In the prior art, the cooling scheme aiming at the large cylinder is mainly liquid cooling, the liquid cooling scheme is taken away by cooling liquid in a coiled pipe, but with the improvement of charge-discharge multiplying power, the temperature rise of a battery is also increased, and the cooling effect of the existing liquid cooling scheme on the battery can not be used for quickly and effectively reducing the temperature; and an increase in temperature may limit the charging efficiency of the battery. Direct cooling is developed as an efficient cooling mode, the direct cooling scheme realizes rapid cooling through phase change heat exchange of a refrigerant, and the direct cooling scheme is used in square batteries at present; however, due to the refrigerant, the joint of the direct cooling structure is often welded or flange-mounted to ensure the circulation of the refrigerant pipeline and the circulation of the connecting pipeline between the direct cooling structure and the direct cooling system, so that the assembly of the direct cooling system becomes complex.

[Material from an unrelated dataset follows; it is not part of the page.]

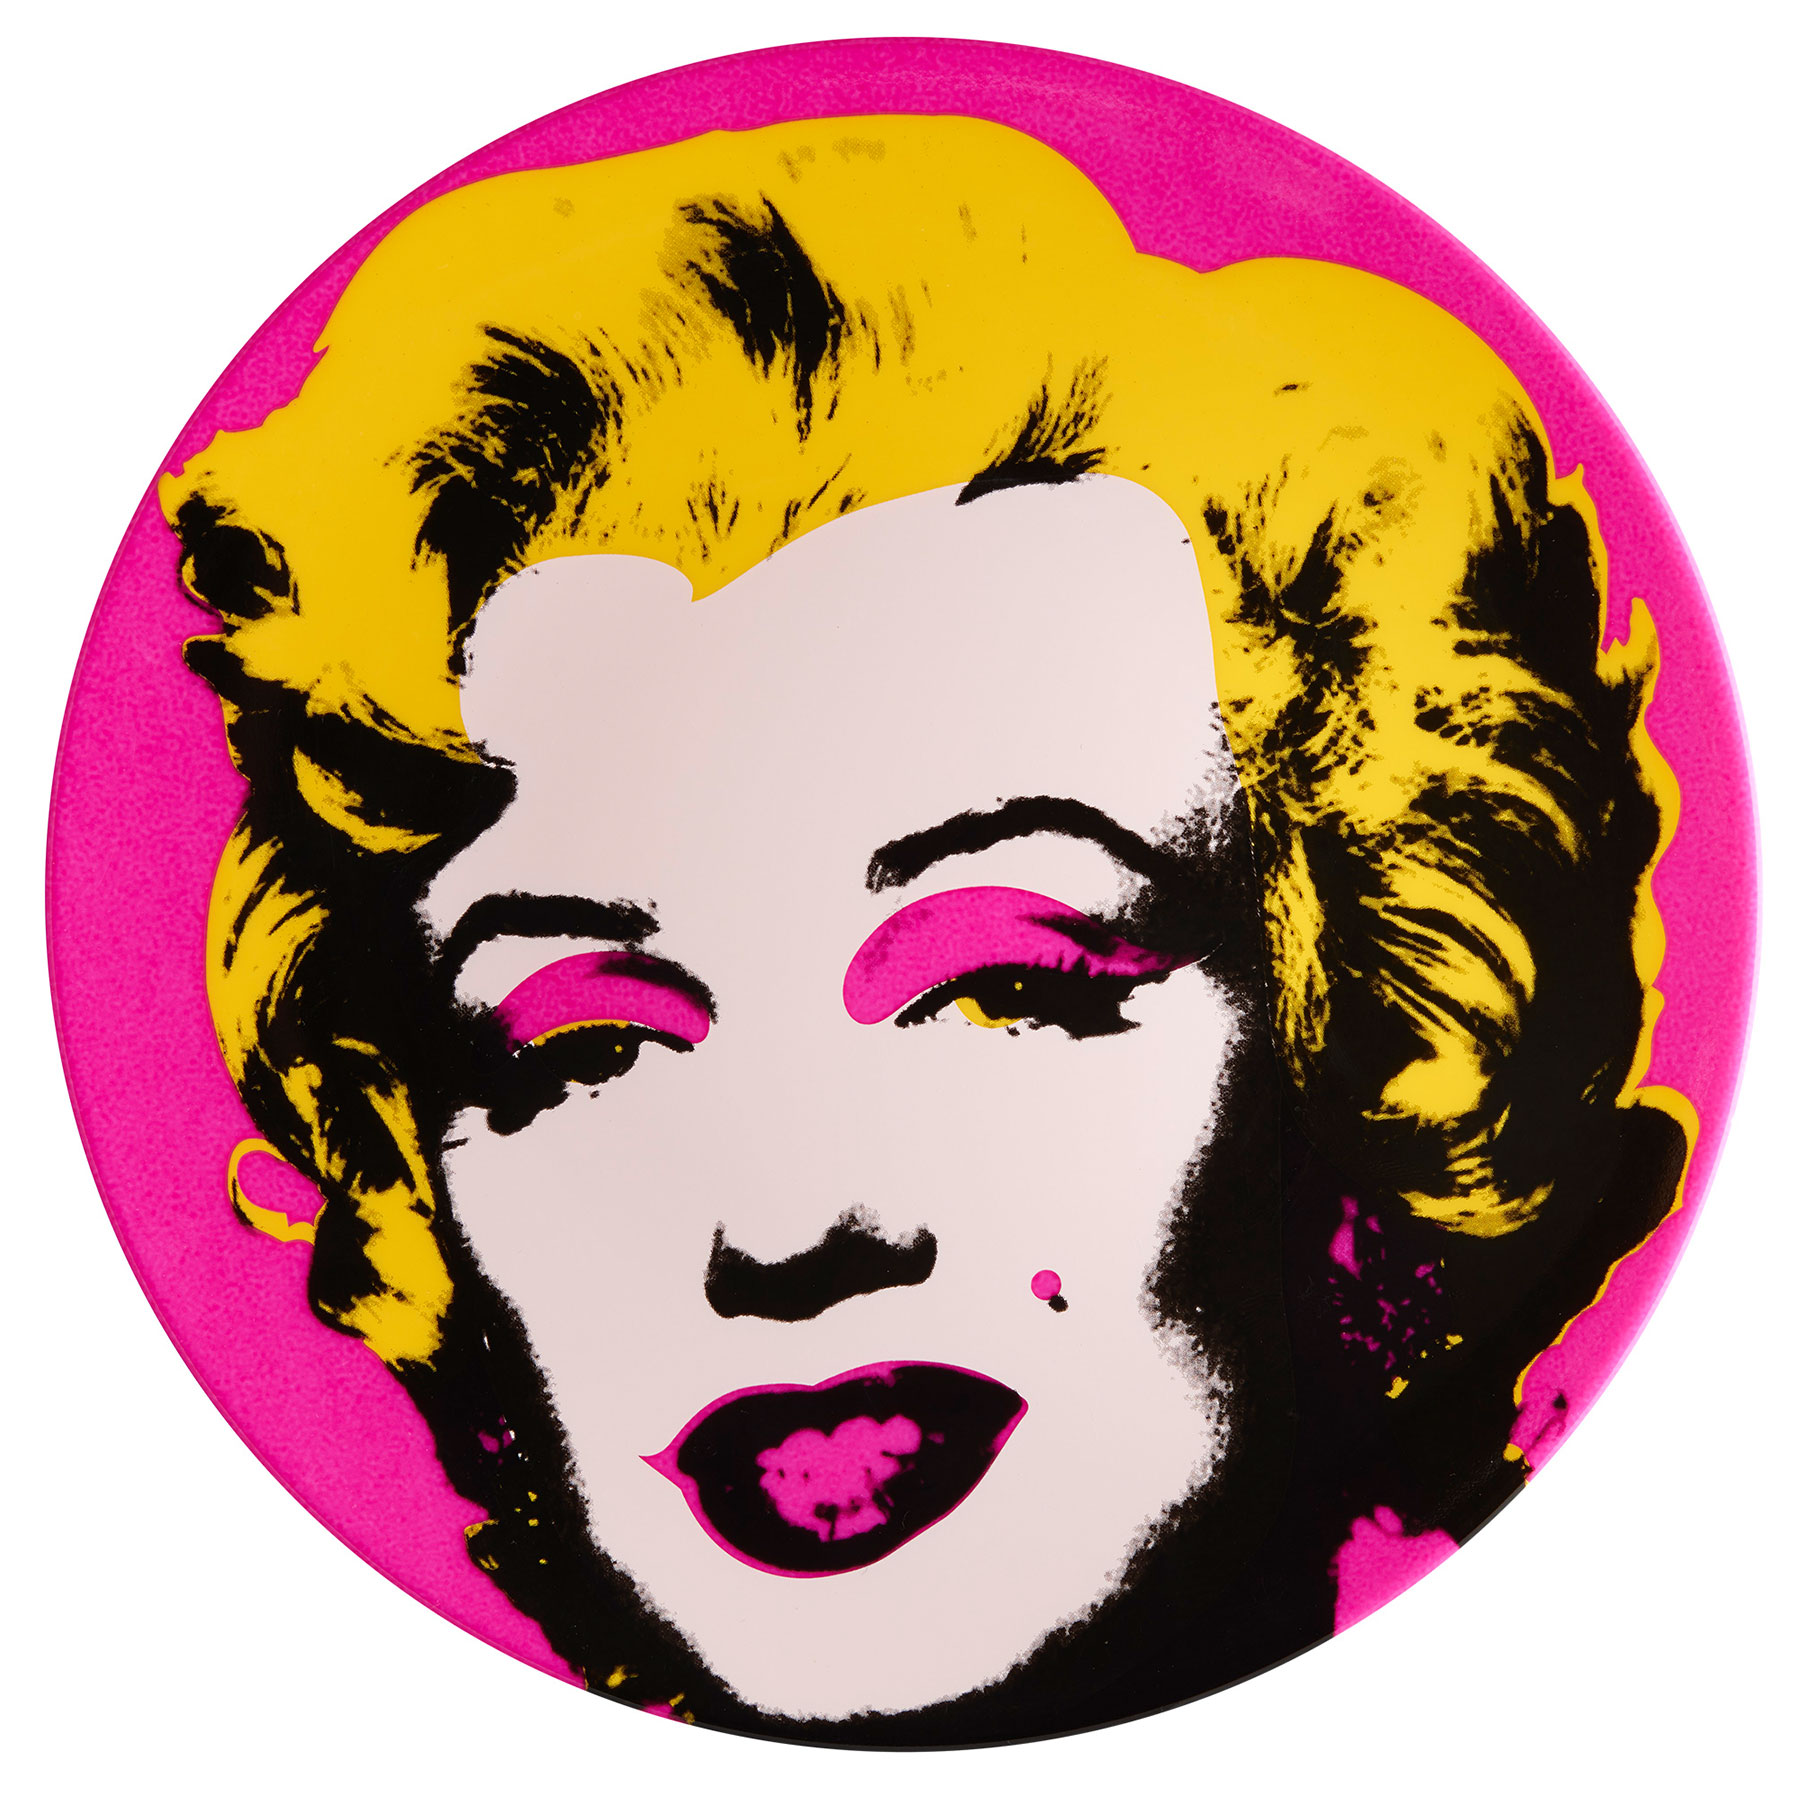 Porcelain plate "Marilyn" (pink) by Andy Warhol

Therefore, there is a need to design a direct cooling structure, a direct cooling system and an electronic device to solve the above technical problems.
Disclosure of Invention
The utility model aims to provide a direct cooling structure, a direct cooling system and electronic equipment, which can reduce the flow resistance of a refrigerant in a flow passage, enhance the heat exchange efficiency, and have the advantages of simple structure and convenient assembly and disassembly.

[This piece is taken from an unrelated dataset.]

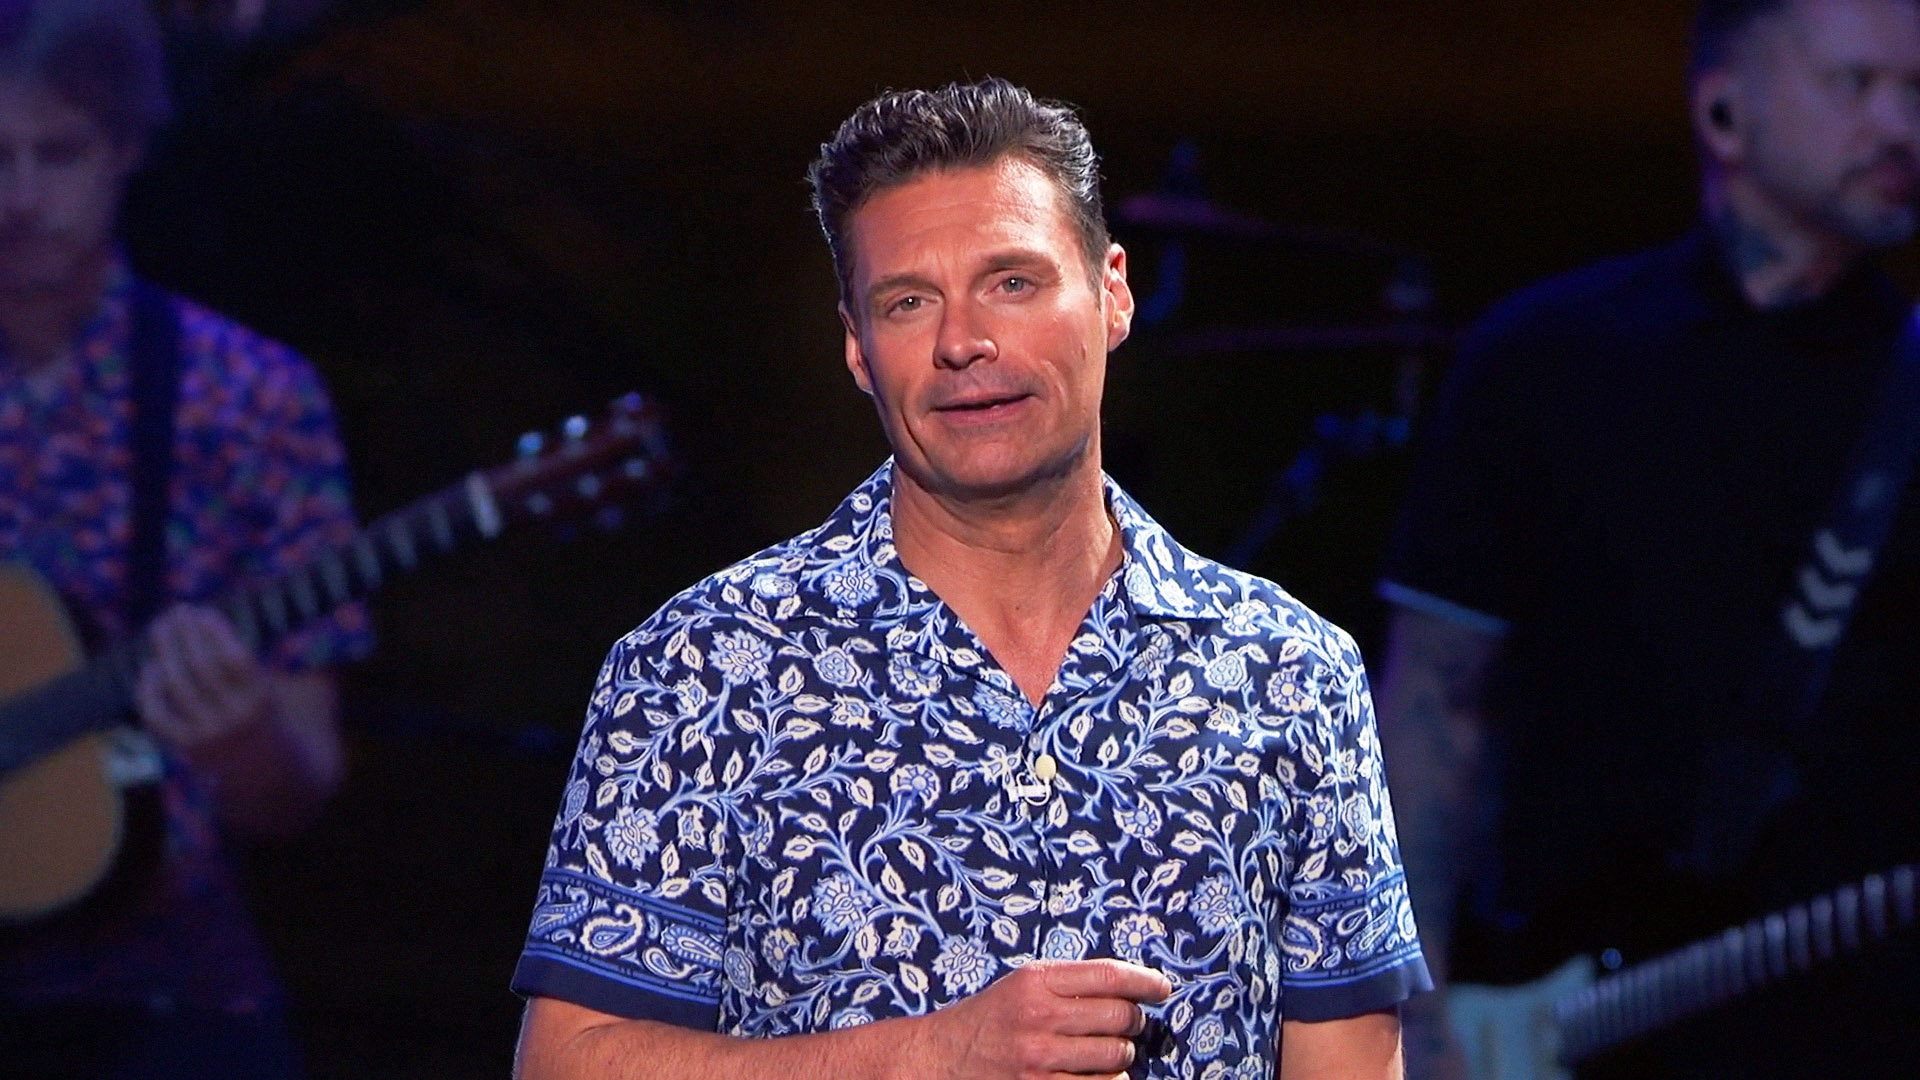 Ryan Seacrest Faces Another Backlash After Being 'Nasty' to American Idol Contestants

To achieve the purpose, the utility model adopts the following technical scheme:
a direct cooling structure comprising:
a serpentine flat tube extending along a first direction, wherein a chamber is arranged in the serpentine flat tube in a penetrating manner along the first direction, and a refrigerant circulates in the chamber; a partition plate is arranged in the cavity, the partition plate divides the cavity into a first flow passage and a second flow passage in sequence along a second direction, and the second direction is perpendicular to the first direction;
the first current collector is arranged at one side of the serpentine flat tube along the first direction, and is provided with a first communication cavity which is communicated with the cavity;
the direct cooling joint is arranged on the other side of the snake-shaped flat pipe along the first direction, the direct cooling joint comprises a first quick connector and a second quick connector which are sequentially arranged along the second direction, the first quick connector is positioned on the top side of the second quick connector, the first quick connector is communicated with the first runner, and the second quick connector is communicated with the second runner.

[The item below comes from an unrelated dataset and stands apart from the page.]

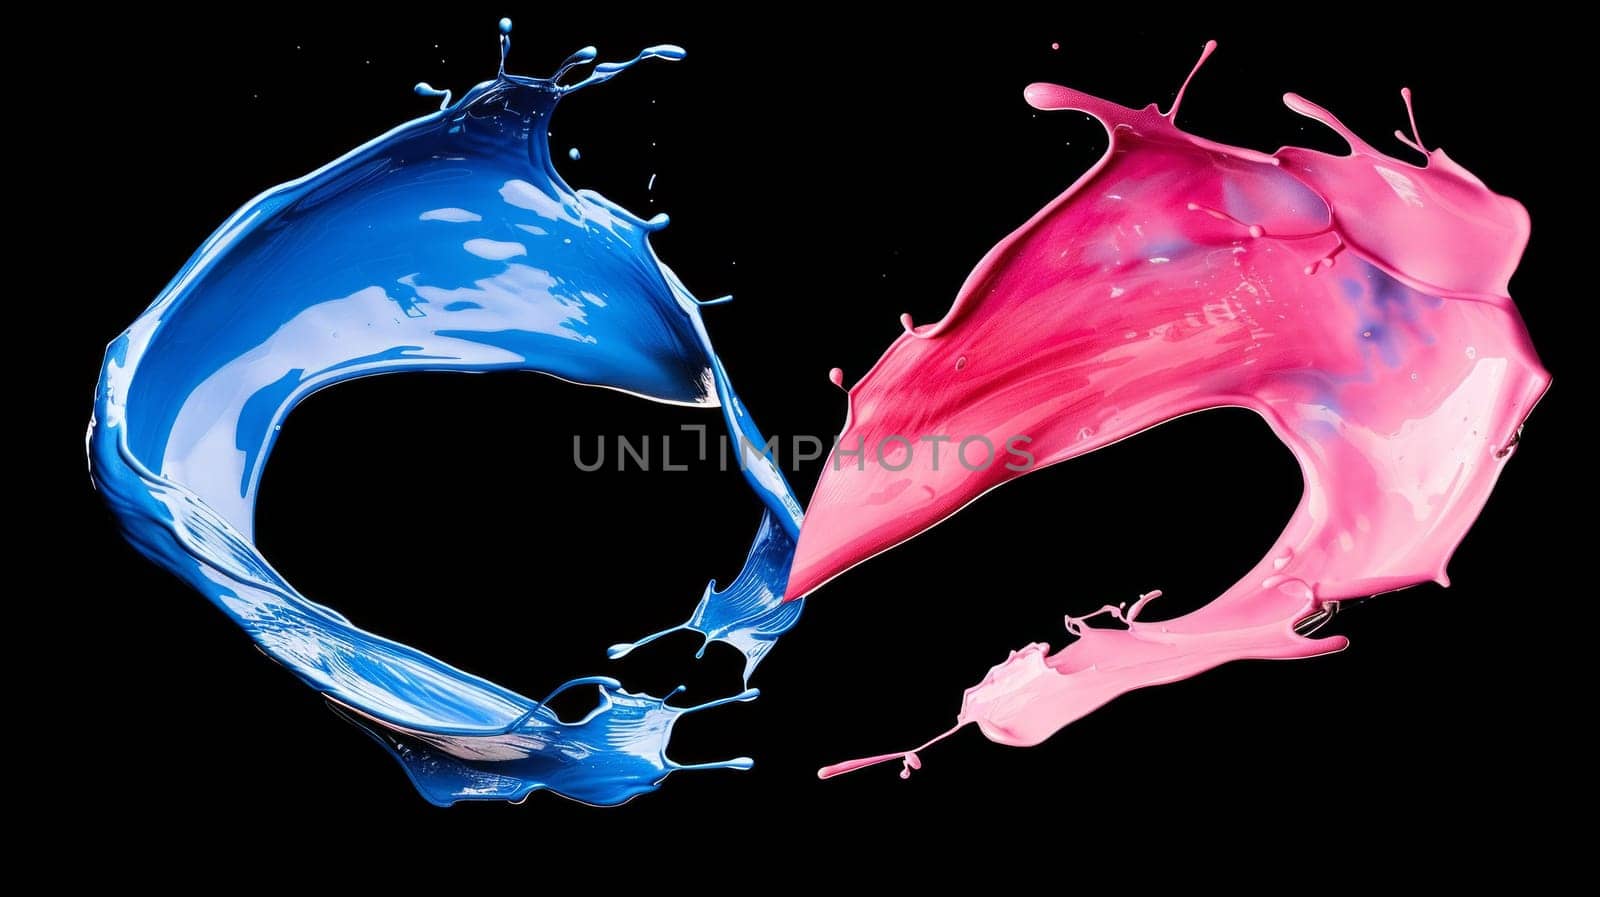 Two vibrant colored liquids collide, creating a mesmerizing splash, set against a deep black backdrop by but_photo

Optionally, the direct cooling connector includes a second current collector, the first quick connector and the second quick connector are sequentially arranged on the second current collector along the second direction, a second communicating cavity is arranged in the second current collector, a blocking piece is arranged in the second communicating cavity, the blocking piece sequentially divides the second communicating cavity into a first cavity and a second cavity along the second direction, the first cavity is communicated with the first runner and the first quick connector, and the second cavity is communicated with the second runner and the second quick connector.
Optionally, the direct cooling joint further includes a first connection block and a second connection block, where the second connection block and the first connection block are respectively disposed on two sides of the current collector along a third direction, the first direction, the second direction, and the third direction are perpendicular to each other, the first connection block is communicated with the first chamber and the first quick connector, and the second connection block is communicated with the second chamber and the second quick connector.
Optionally, the first quick connector is disposed at a top end of the first connection block, and the second quick connector is disposed at a top end of the second connection block.
Optionally, the first connecting block and the second connecting block are both provided with a threaded hole, and the threaded hole is used for installing the detecting piece.
The utility model further aims to provide a direct cooling system which can reduce the flow resistance of the refrigerant in the flow channel, enhance the heat exchange efficiency, and is simple in structure and convenient to assemble and disassemble.
To achieve the purpose, the utility model adopts the following technical scheme:
the direct cooling system comprises refrigeration equipment, the direct cooling structure and two air conditioning pipelines, one end of each air conditioning pipeline is communicated with the refrigeration equipment, one of the other ends of each air conditioning pipeline is in sealed plugging connection with the second quick plug connector, and the other end of each air conditioning pipeline is in sealed plugging connection with the first quick plug connector.
Optionally, the main body of the air conditioning pipeline is made of plastic pipe.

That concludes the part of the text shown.